I think (from our talks) Wash is leaning towards stopping chemo after his Dec round and going on Hospice Care.
He's 26.
My thoughts on this will take some composing so I will come back to that.


My happy thought for the day?
He tried to brush his teeth this morning with baby lotion.

The toothpaste tube and the lotion bottle are no where the same size, shape, or even colour but his brain and muscle memory told him to do it.

He says he got about 4 brushes in before he noticed there was no "foam" and it tasted different. (Chemo has fried his taste buds)
No harm, not poisoned.

That's brain cancer.

Laugh or cry.

Monday, November 15, 2010

So much, so little

My day so far;
*Almost 2 hours (so far) between our Insurance, his cancer doc, and our pharmacy. Basically, the insurance is being a dick and demanding the dr's office do the same paperwork over and over because they can't understand a neuro-oncologist is both a neurologist and an oncologist.
So they are refusing to pay for Wash's meds.
And as a bonus we're getting a new higher co-pay so I'm back to pretty much not being able to afford meds. $4/med is not that much.... until you do the math on more than 20 Rx's a month. For just him. Plus all my meds- at least 5-6 scripts a month to top.
I just want his meds so he doesn't die *right now* and his meds so he isn't vomiting or in constant pain.

And I flattened a tire so I will need to replace that ASAP with money I literally don't have.

I think I'm gonna go finish laundry and throw some darts at a photograph of our "dearly elected Governor".
How's your Monday goin'?

At least the active chemo right now is over. "Hard" part, eh?

Thursday, November 4, 2010

One year; Beating the Odds

He has next month's chemo to get through and then we have "the talk" with his Neuro-Oncologist.

There are 3 options he has right now, and they are pretty much the same ones from this year- again providing he doesn't have a new tumor grow in the next 6 weeks or so.

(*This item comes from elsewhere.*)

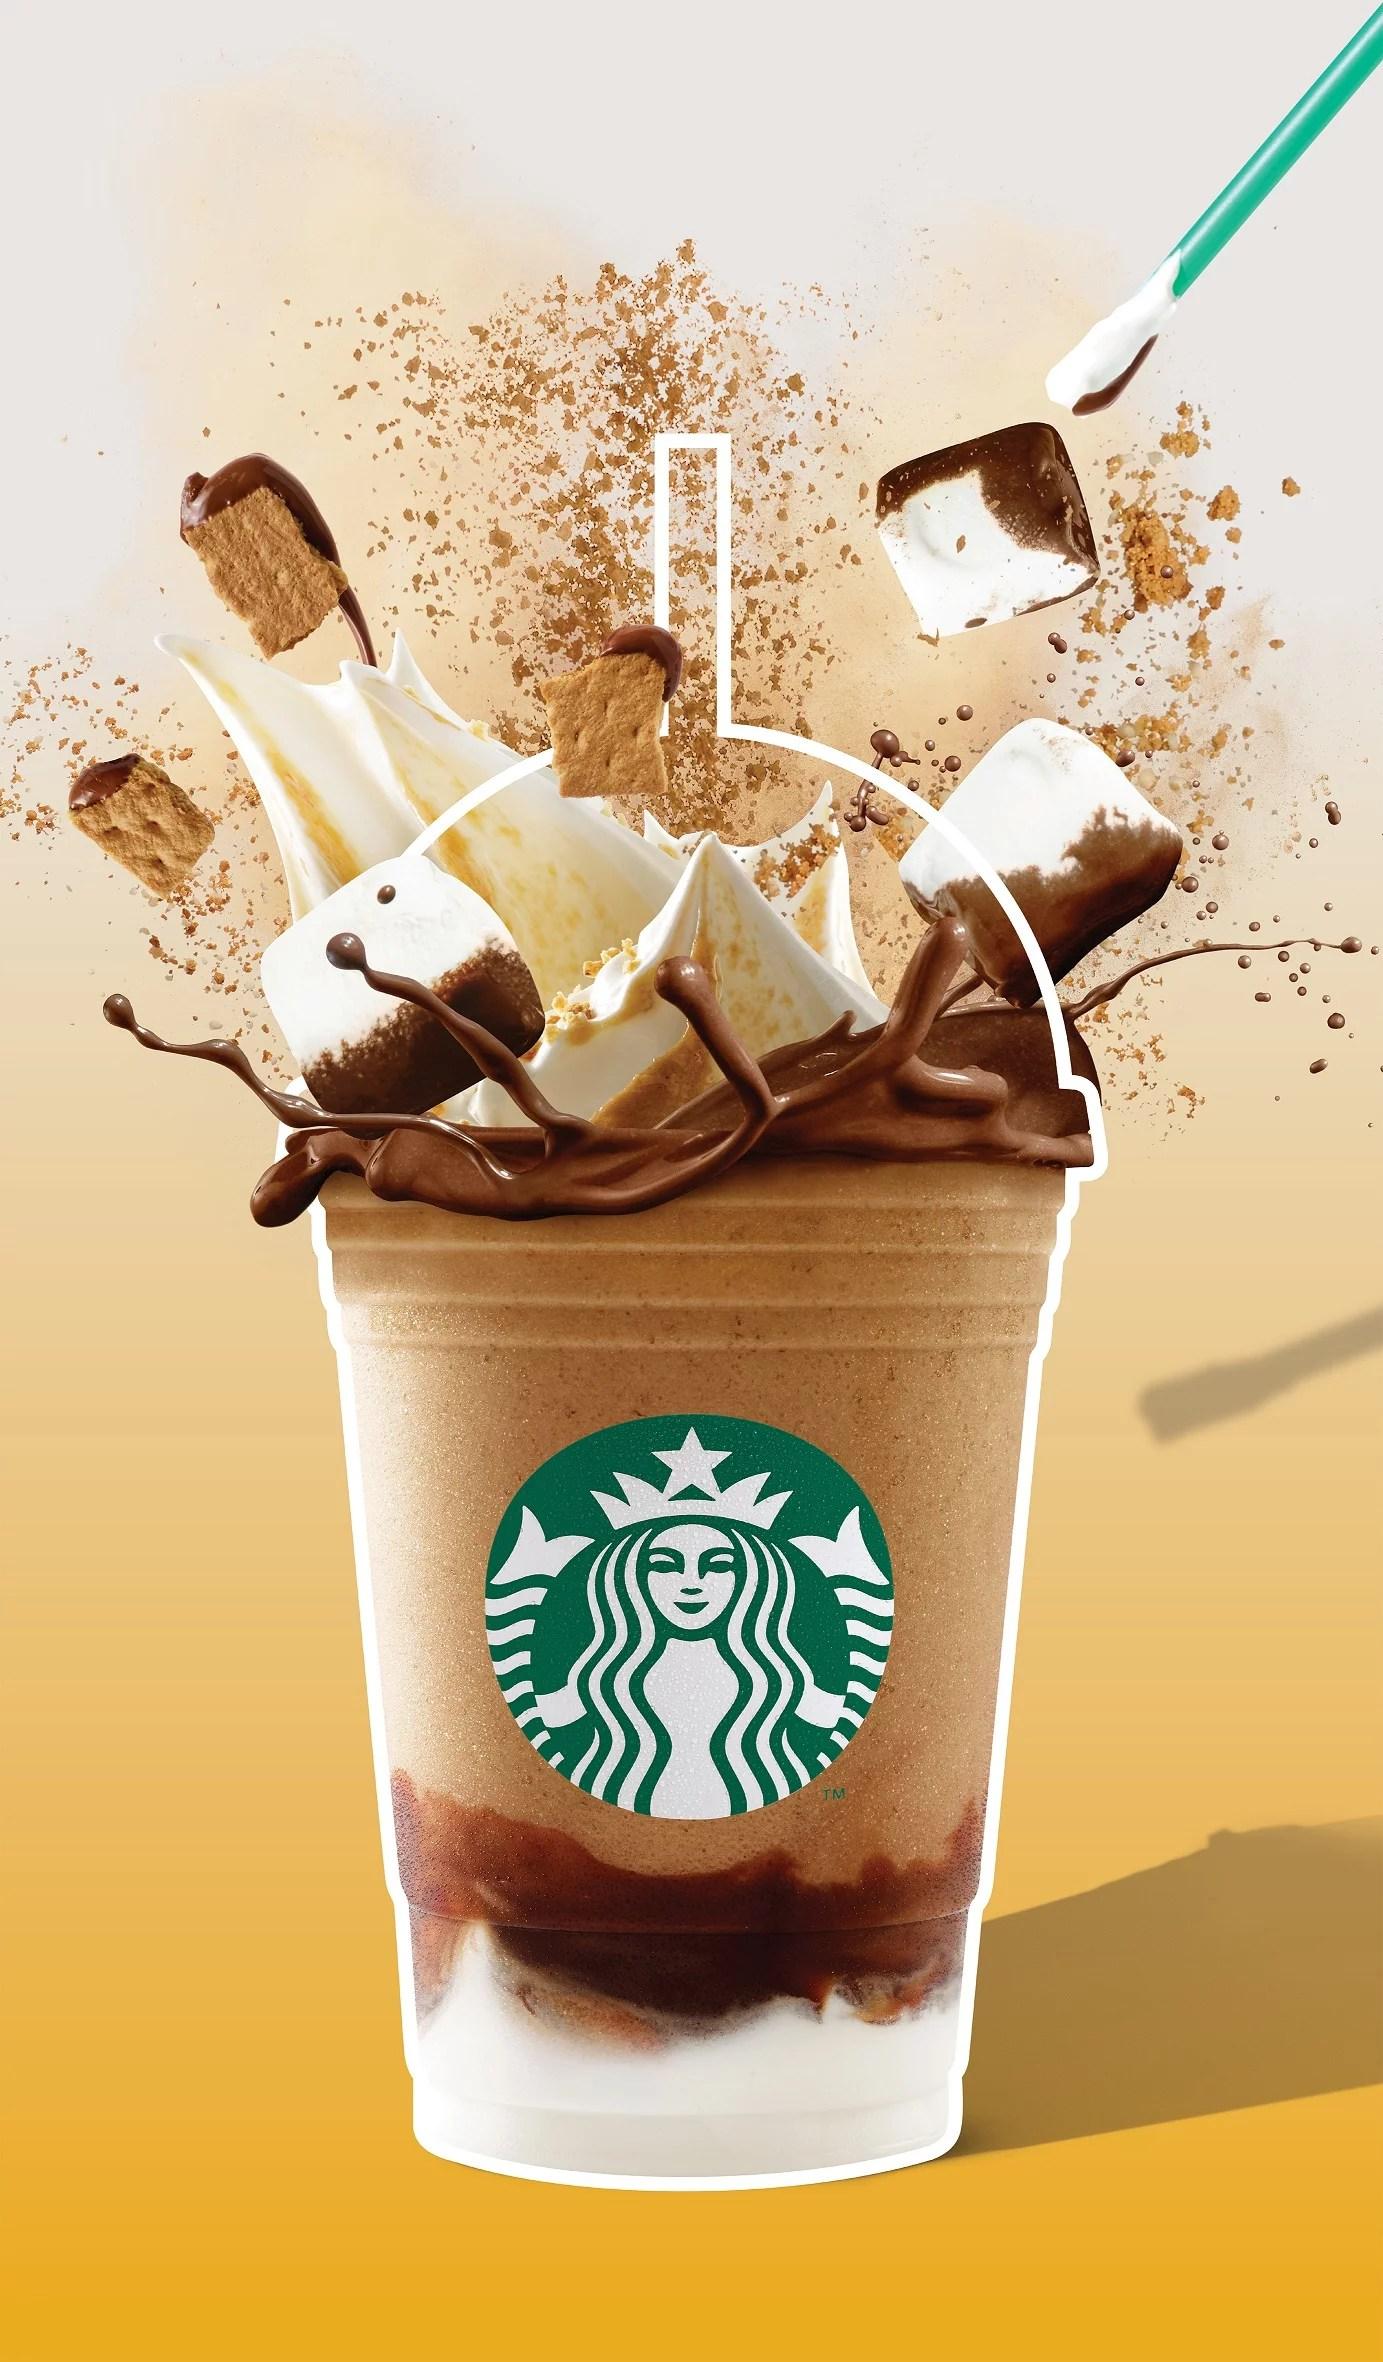 Starbucks Brings Back Smores Frappuccino

A) Stay on Temodar for another 2,4, or 6 months.
B) Move on to a course of Avastin or enroll in an Avastin/Comptosar trial for 2011
C) Stop chemo and move MRI screenings up to every 2-4 weeks. No "active" treatment; at this point if he wanted we could then qualify with our insurance to get Hospice Coverage.


Meanwhile I'm trying to figure out where we be will over the Giftmas holidays.
Working on projects, trying to find money to pay always continuing bills.
Growing in the garden; harvested my fall peppers and we have winter tomatoes growing and even a winter melon! I pulled a gallon's worth of Basil leaves the other day and gave them to my mum to cook with. I like sharing, that's part of the "goodness" of a garden; it can feed one physically and spiritually.

I'm averaging about 3-5 loads of laundry a week. Maybe 1- 1 1/2 loads are my clothes. I honestly have no idea where all these dirty smelly clothes come from or how he could produce so many in such a short time frame. It's amazing.
Based on my calculations on fill dates I should have about 10 trips to the Pharmacy to be made in the next 7 days. Le sigh.

Leto has recovered from his neutering. He now officially is a 7 lb male! Aelphie and him are getting along a bit better, I even have pictures of them sleeping within 2 feet of each other. Cats. Silly fur tubes of socialized behaviour.



Do better for others than what you do for yourself.